Palladium-catalyzed cross-coupling reactions represent a powerful method for the formation of highly substituted heterocycles.¹ The regioselective activation of polyhalogenated heteroaromatics in such reactions has been extensively studied² and can provide a versatile means for the synthesis of libraries containing functionalized substituents in specific positions of the heterocyclic scaffold. The quinazoline moiety is of particular importance, as it is a component of a variety of biologically active compounds, including potent tyrosine kinase inhibitors,³ antibacterial,⁴ and anticancer agents.⁵ For example, trisubstituted quinazoline derivatives such as A and B have been prepared as part of a series of liver X receptor (LXR) modulators (Figure 1).⁶

Figure 1.

Quinazoline derivatives designed as LXR modulators

Quinazolines are also components of several approved drugs, including erlotinib,⁷ used to treat several types of tumors, iressa,⁸ an epidermal growth factor receptor inhibitor approved for the treatment of nonsmall cell lung cancer, and prazosin,⁹ an α-adrenergic receptor blocker. While the regioselectivity for palladium-catalyzed alkylation,¹⁰ alkynylation,¹¹ and arylation¹² of 2,4-dichloroquinazolines has been previously explored, only the alkylation¹⁰ and alkynylation¹¹ of 6-bromo-2,4-dichloroquinazoline have been reported. For cross-coupling reactions employing 2,4-dichloroquinazoline, exclusive selectivity for the most electrophilic C-4 position¹³ has been observed. Attempts to achieve monosubstitution with the more highly halogenated 6-bromo-2,4-dichloroquinazoline resulted in coupling at both the C-4 and C-6 positions in a ratio of 3:1, respectively. To our knowledge, a regioselective method for the sequential polyarylation of trihalogenated quinazolines has not been disclosed. Herein, we describe a versatile new protocol for the regioselective palladium-catalyzed cross-coupling reactions of 2,4,7-trichloroquinazoline¹⁴ with aryl- and heteroarylboronic acids.

Initially, we set out to achieve the regioselective cross-coupling of 2,4,7-trichloroquinazoline by consecutive, Suzuki cross-couplings (Scheme 1, route A). We envisioned the first coupling to take place at the most electrophilic C-4 position, followed by substitutions at the C-2 and C-7 positions, respectively. However, coupling at C-4 proved to be low-yielding due to competitive hydrolysis at that site under the reaction conditions. In order to circumvent this problem, a new route was designed in which the C-4 position was first temporarily deactivated by a thioether, followed by a regioselective cross-coupling at C-2 (Scheme 1, route B). The C-4 position would then be functionalized via a palladium-catalyzed, copper(I)-mediated cross-coupling to provide compounds of type 3, which could undergo a Suzuki reaction to provide trifunctionalized quinazoline target compounds 4.

Scheme 1.

Selective cross-coupling strategies to minimize synthetic steps and maximize diversity in quinazolines 4

Thioether 1 was readily accessed by treatment of 2,4,7-trichloroquinazoline with 1.05 equivalents of isopropyl mercaptan and NaH. Substitution occurred exclusively at the electrophilic C-4 position.
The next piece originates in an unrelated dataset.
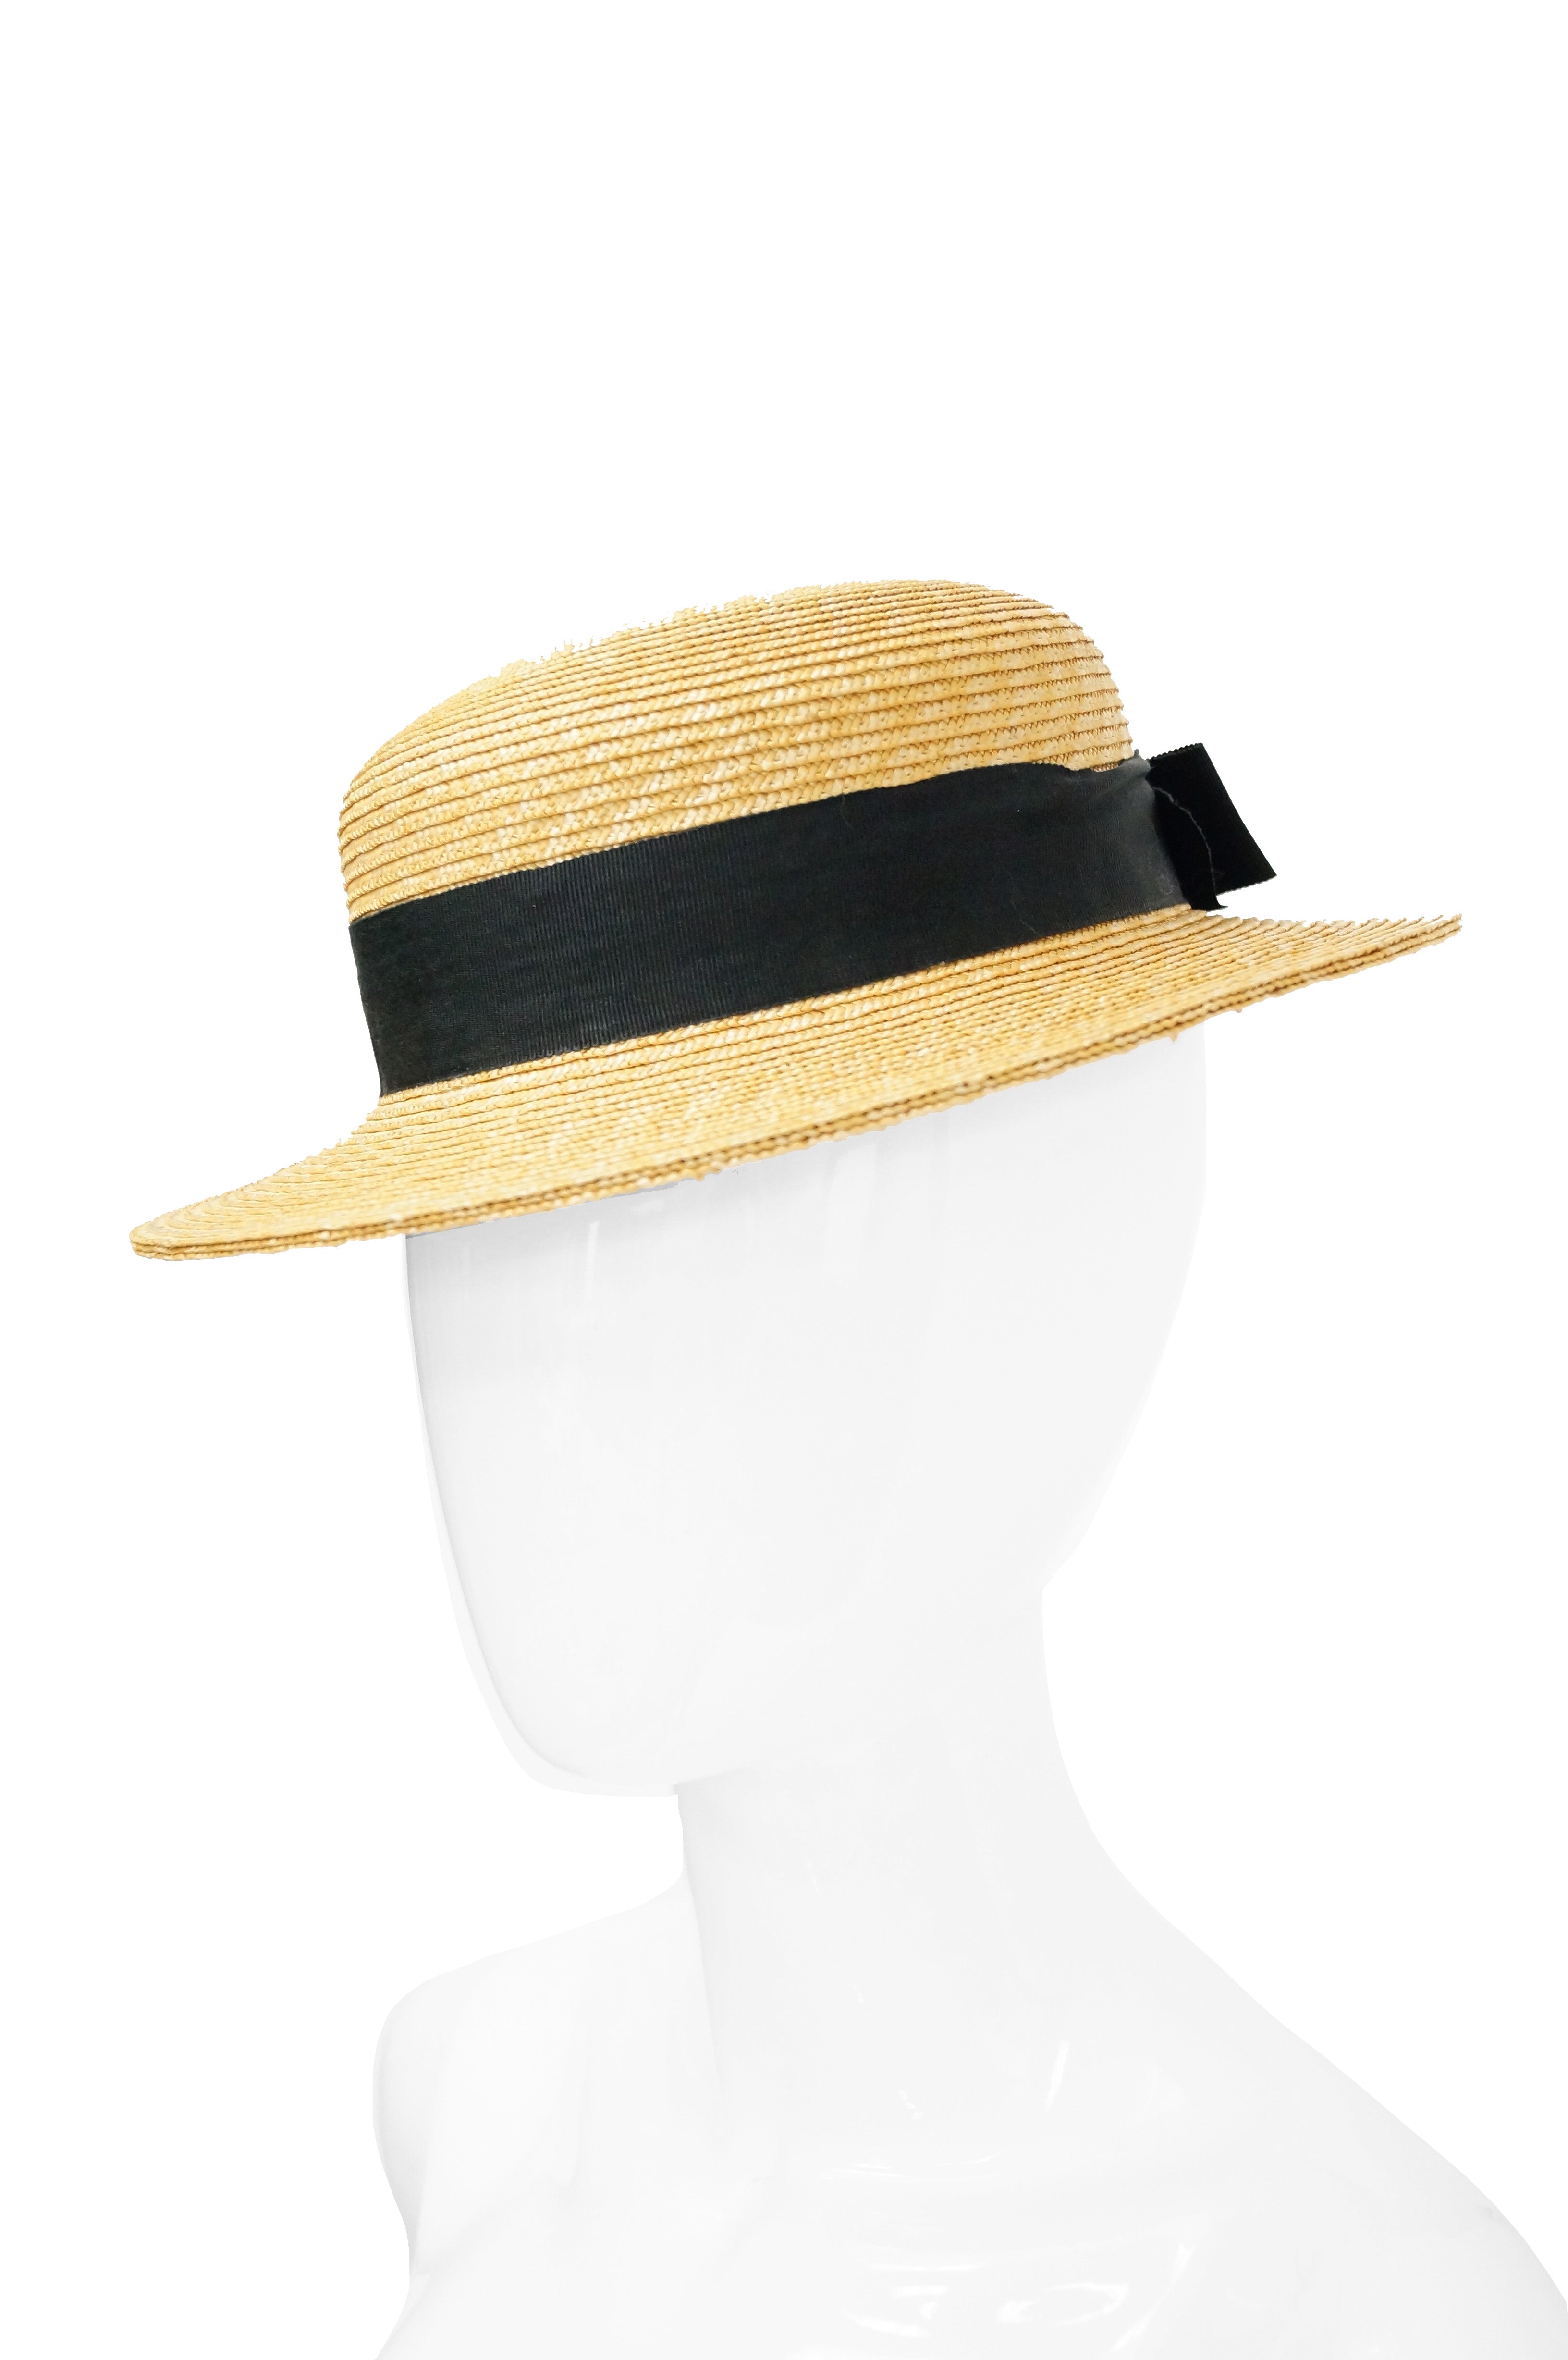 Saint Laurent mens straw hat. 59/L. $895

Subsequent regioselective C-2 arylation of 1 proceeded in excellent yields with most arylboronic acids in the presence of 5 mol% Pd(OAc)₂ and 15 mol% Ph₃P at 75 °C, furnishing diaryl products 2 (Table 1, entries 1–8).¹⁵ In the case of oxygen- and nitrogen-containing heterocyclic nucleophiles, slightly lower yields were obtained, presumably due to the decreased reactivity of these reagents,¹⁶ as shown by the need for prolonged reaction times (Table 1, entries 8–10). Excess boronic acid (1.5 equiv) was necessary for complete consumption of starting materials, and attempts to use stoichiometric amounts resulted in incomplete conversions. In addition, efforts to decrease the reaction time by increasing reaction temperatures resulted in poor regioselectivity and low overall yields.

Table 1.

Selective Suzuki Reaction of 1

Entry	R1	Time (h)	Yield (%)
1		24	99
2		33	92
3		36	90
4		33	95
5		25	93
6		13	89
7		17	89
8		33	79
9		48	66
10		48	53

Stage 2 functionalization at the C-4 position was performed using the palladium-catalyzed, copper(I)-mediated desulfitative coupling conditions reported by Liebeskind and coworkers.¹⁷ These reactions were carried out in the presence of excess copper(I) thiophene-2-carboxylate (CuTC) and boronic acid. All desulfitative arylations were achieved in excellent yields and complete selectivity for the C-4 position (Table 2).

Table 2.

Palladium-Catalyzed, Copper(I)-Mediated Coupling of 2

Entry	R1	R2	Time (h)	Yield (%)
1			26	89
2			22	83
3			19	89
4			19	87
5			19	86
6			27	91
7			13	97
8			48	66

The third and final cross-coupling reaction was initially carried out using the conditions reported in Table 1. In all cases, incomplete consumption of starting material resulted, even upon heating to reflux and increasing the equivalents of boronic acid. Finally, in order to ensure the complete consumption of starting material, 10 mol% Pd(OAc)₂, 30 mol% Ph₃P, and 4.0 equivalents of boronic acid were used. These conditions resulted in a successful cross-coupling at position C-7 in good yields for both aryl- and heteroarylboronic acids (Table 3).

Table 3.

Suzuki Reaction of 3

Entry	R1	R2	R3	Time (h)	Yield (%)
1				34	81
2				22	86
3				34	66

In conclusion, we have demonstrated that temporary deactivation of the C-4 position by substitution of the chlorine atom with isopropyl mercaptan allows for the subsequent regioselective palladium-catalyzed cross-coupling at the C-2 position in 2,7-dichloroquinazoline 1. Furthermore, palladium-catalyzed, copper(I)-mediated desulfitative coupling at the C-4 position, followed by the final palladium-catalyzed cross-coupling at the C-7 position, provides convenient access to the desired tricarbosubstituted quinazolines. This simple and efficient sequential coupling route to highly substituted quinazolines enables the orchestration of regioselective palladium-catalyzed cross-coupling reactions for the preparation of focused libraries of kinase inhibitors.¹⁸

2,7-Dichloro-4-(isopropylthio)quinazoline (1)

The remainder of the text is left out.